Teeter-totter: Mortgage rates and closing costsDecember 01st, 2010
How is it that in doing your homework before submitting an application for a new home loan or refinance mortgage that there are such a wide range of rates being quoted? Perhaps because you are only getting the interest rate and not the full rate quote. When using mortgage calculators to determine a monthly payment or savings from a refinance, keep in mind the cost of the mortgage for which you are applying.
Mortgage rates and closing costs
On a closing cost calculator you are asked to input loan fees, discount and origination points. How do you know what to put in for these fees? On a monthly payment calculator you are asked to input the mortgage amount and mortgage rate. For mortgage rate you can get a general idea by listening to advertisements on radio or television or in your local paper. Typically however the quote includes the basic rate and the higher "APR," but not the costs of the loan, i.e. the origination fee or discount points.

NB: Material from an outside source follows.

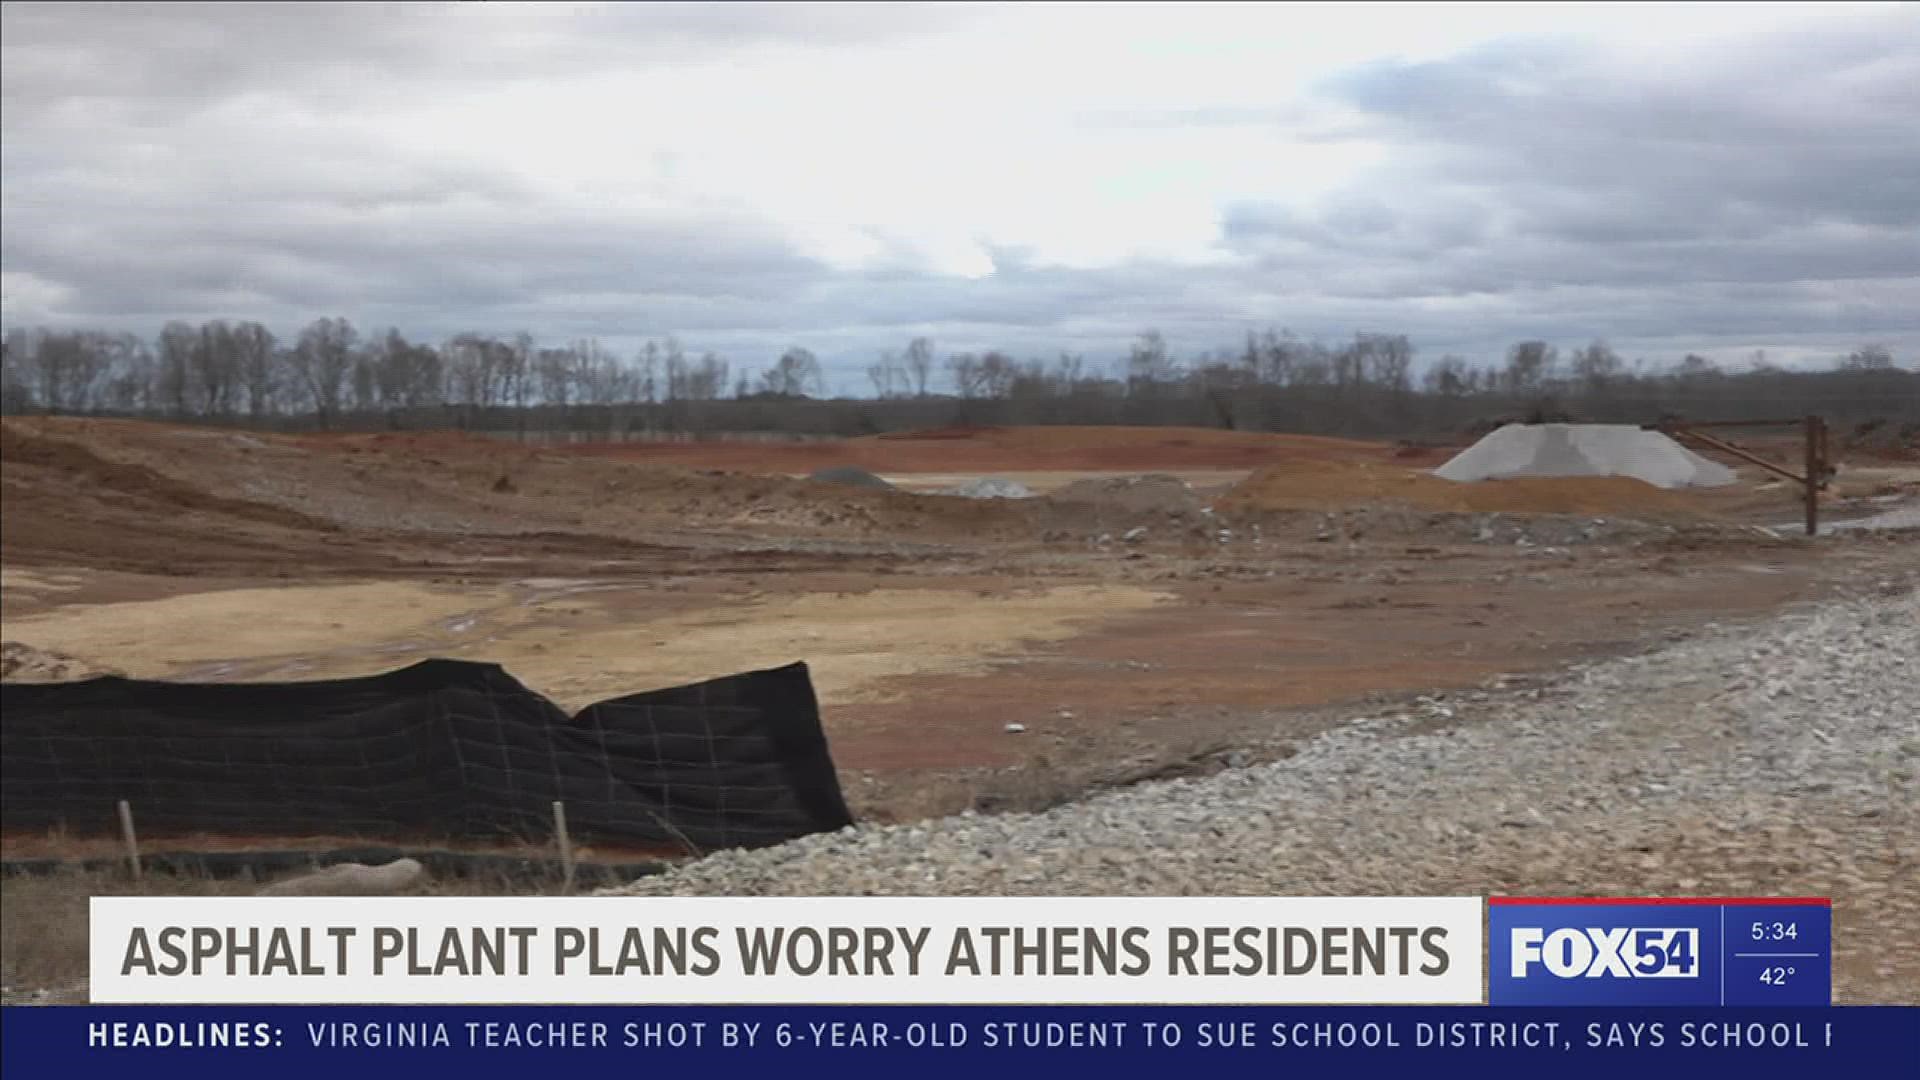 Some Athens residents are concerned about an asphalt plant being built in their neighborhood. Public comment period ends Jan. 27, 2023

Both the costs and the mortgage rate affect your transaction, but how do they relate? At any given moment in the market, mortgage rates and costs are inversely related, meaning that as one goes up the other goes down, just like the teeter-totter on the schoolyard. Imagine you and your spouse on a teeter-totter. You are holding onto your monthly mortgage payment which is determined by the interest rate. Your spouse is holding the cost of the loan. As you go up your spouse goes down; the higher the mortgage rate the lower the costs. When your spouse goes up you go down; the higher the closing costs for the mortgage the lower the rate on the mortgage.
Every day the contents of the teeter-totter change slightly. Today it may be that 4.00 percent costs two points and 4.50 percent is available at no points. With changes in the market those rates tomorrow could be 4.125 percent at two points and 4.625 percent at no points. Despite the shift upward in the rate the relationship remains the same, higher rate means lower cost, lower rate means higher cost.

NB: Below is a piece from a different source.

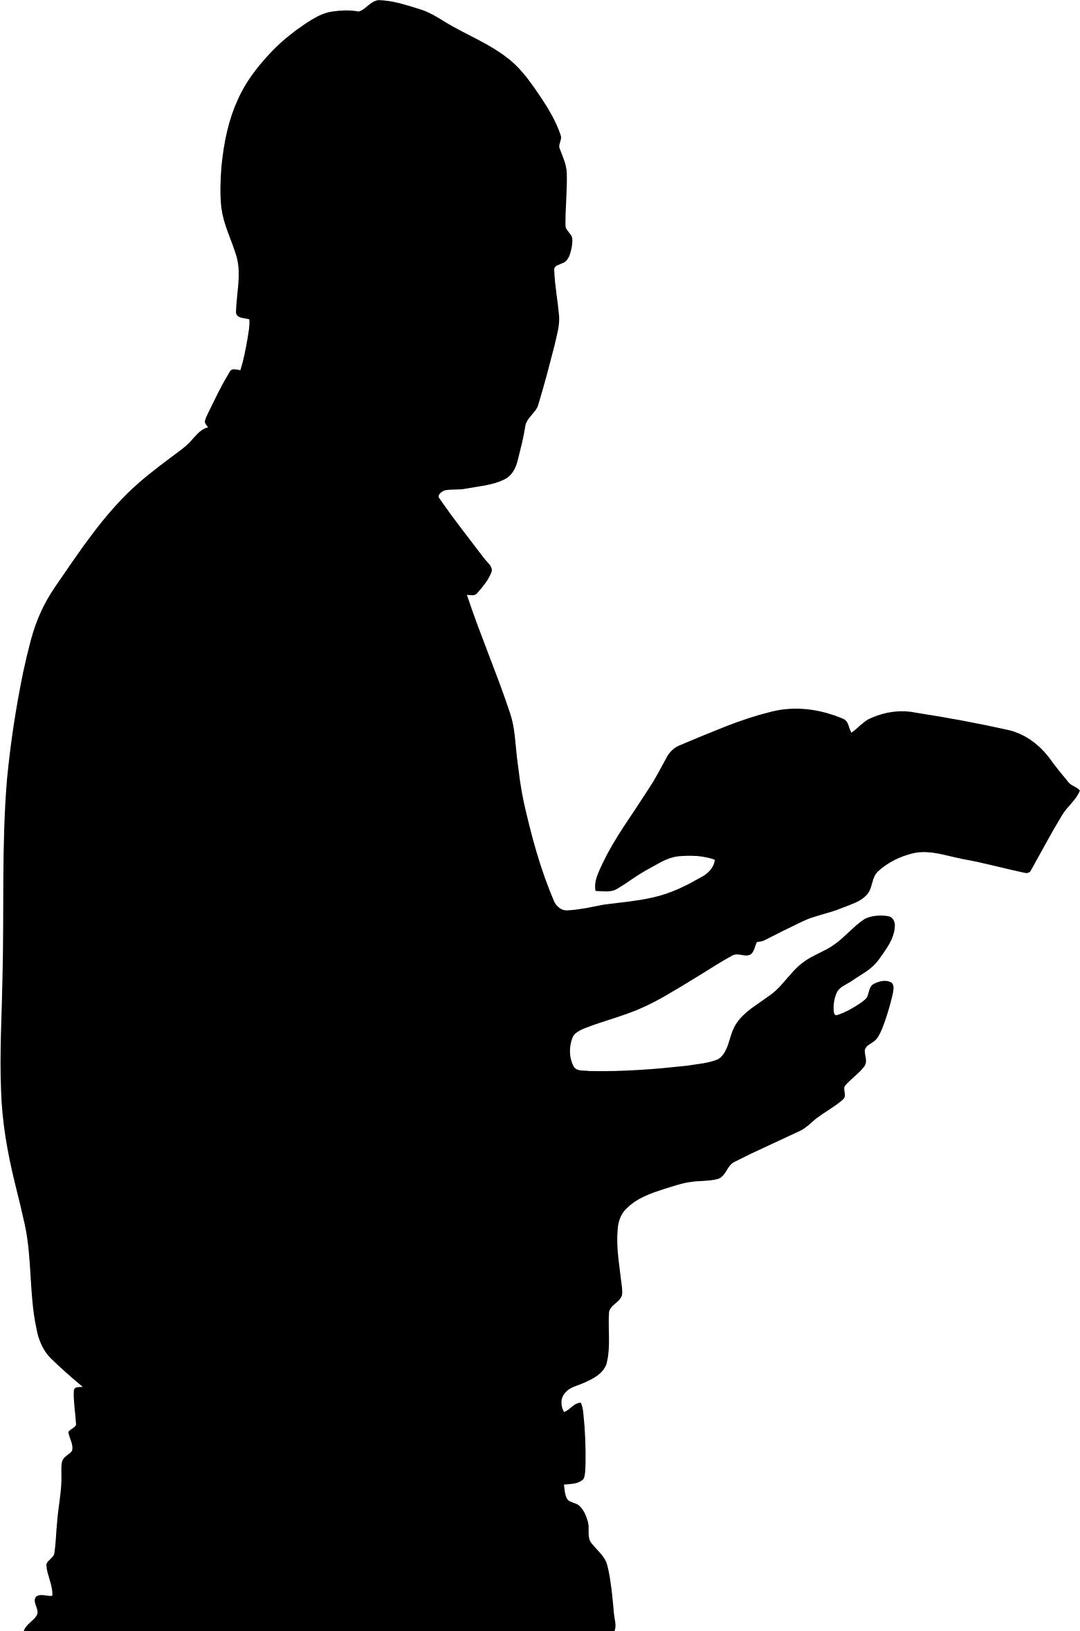 Man With Bible In Hand Silhouette png transparent

Where is the teeter-totter?
The teeter-totter is a metaphor for the secondary markets which are established for the sale of mortgage backed securities (MBS) which consist of mortgages like yours. When your mortgage funds, chances are it will be a Fannie Mae, Freddie Mac or Ginnie Mae mortgage insured by the government, either FHA or VA. Your mortgage rates and costs are established by the daily behavior of MBS investors.
Your mortgage is bundled with others and sold as part of an MBS offering. Acting like bonds issued by the U.S. Treasury or other entity like a municipal government or corporation, MBS offerings have yields to investors. Yield is the investor term for interest rate; instead of paying interest, however, the investor receives the yield on the investment.
Mortgage rates depend on market activity
Depending on what investors feel will be happening in the economy, what other investment opportunities are offering in yield for similar risk and other factors, investors bid higher or lower for the MBS offering. Just like at an auction the more active bidders the higher the price, the fewer bidders the lower the price.
As with mortgage rates and costs, MBS prices and yields are also inversely related. The more bidders for mortgage backed securities the higher the price and the lower the yield. When there is high demand for MBS, it is beneficial for consumers searching for mortgages as lower yields mean lower mortgage rates.
Every day the bidders for MBS alter the rates being offered for all mortgages. And as the bidding changes daily so too do the mortgage rates being offered. The teeter-totter moves depending on how many bidders and how active they are. One day the no-point loan may be at 4.50 percent and the next day it could be 4.625 or 4.375 percent.
Not always proportional
Further complicating the mortgage rate and price relationship is that they do not always move in direct proportion. A general rule of thumb is that on a 30-year fixed-rate mortgage a difference of one-eighth of a percent (0.125 percent) in rate is equivalent to a difference of one-half of a point in fees (0.5 percent of the loan amount).
This is a general rule of thumb, but often the difference can be more or less depending on the market. For example, raising the rate one-eighth of a percent from 4.00 percent to 4.125 percent may lower the cost of a loan 0.5 points. However, raising the rate another one-eighth of a point (from 4.125 percent to 4.25 percent) may only lower your cost another 0.25 points.
Play on the teeter-totter
On any given day when you are considering locking in your mortgage rate and costs on your application ask your mortgage professional for the costs and rates above and below the rate for which you applied--you may be able to save money in the short or long term by having your teeter-totter go up or down. Play around with the mortgage calculators to get familiar with this relationship between costs and mortgage rates and your monthly mortgage payment.